En la nave norteamericana también encontraría oxígeno. De quererlo, Kamov podría prolongar su vida más allá de los quince días, pero no quería ni pensar en ello y se daba cuenta de que era una intención subconsciente. Trataba de no analizar sus sentimientos recónditos. En su situación no se le podía pedir más.

Cualquier hombre que se encontrara en la Tierra en una situación análoga, podría abrigar la esperanza de que la casualidad le trajera la ayuda de otros hombres. Tendría que luchar por su vida hasta lo último, ya que sólo un cobarde pierde la esperanza. Pero Kamov no tenía absolutamente nada que esperar, nadie podía ayudarle.
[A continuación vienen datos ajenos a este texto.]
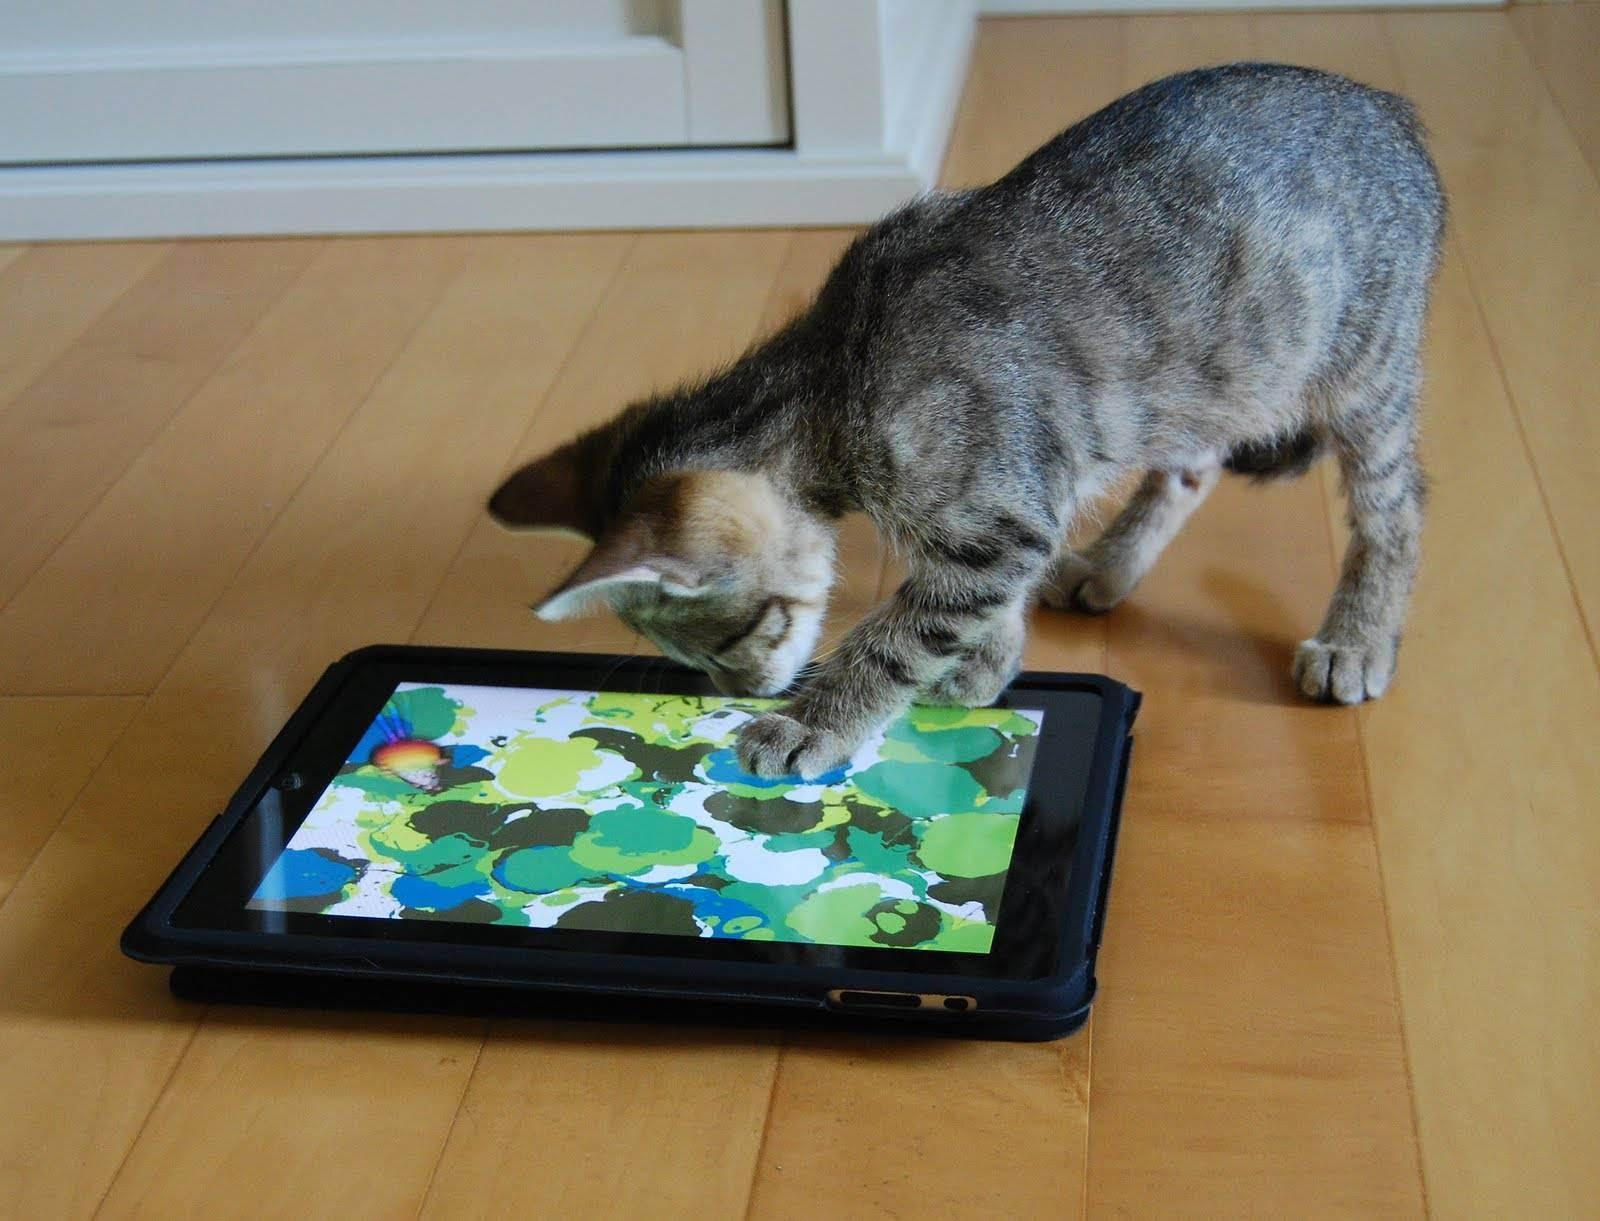 Игрушка для кошек на ipad. лучшие ipad-приложения для кошек

Estaba solo, en el enorme planeta.

A una distancia inimaginable estaba la Tierra; el cohete la alcanzaría dentro de un mes y medio. Suponiendo que saliera inmediatamente otra vez (lo que de por sí era imposible) volvería a Marte sólo a los cuatro meses. Ni con el oxígeno de Hapgood podría aguantar tanto tiempo. Y era absurdo suponer que pudiese aparecer otra ayuda.
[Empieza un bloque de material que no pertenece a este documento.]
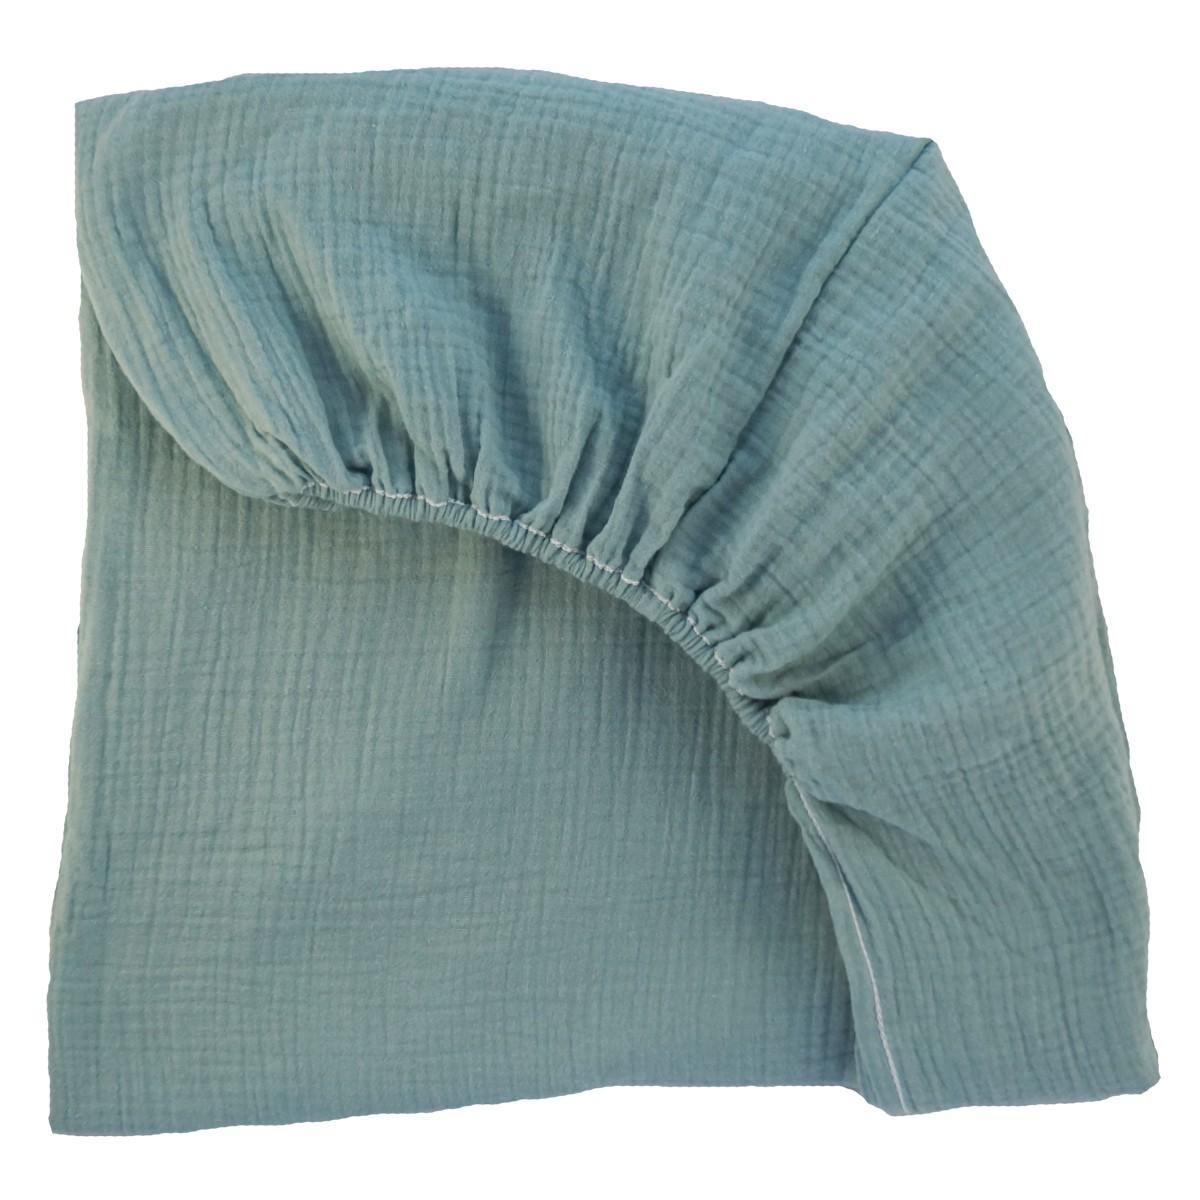 drap housse pour lit barreaux en mousseline de coton vert. Black Bedroom Furniture Sets. Home Design Ideas

Sopesaba metódicamente todas las variantes de salvación que pudieran presentarse, aunque estaba convencido de que ni siquiera teóricamente tenía posibilidad alguna…

¡El cohete norteamericano! A primera vista era el más fácil camino de salvación: instalarse allá y volar hacia la Tierra. Así pensaría cualquiera que no estuviera familiarizado con la técnica del manejo de naves cósmicas y que no supiera lo que era la astronáutica.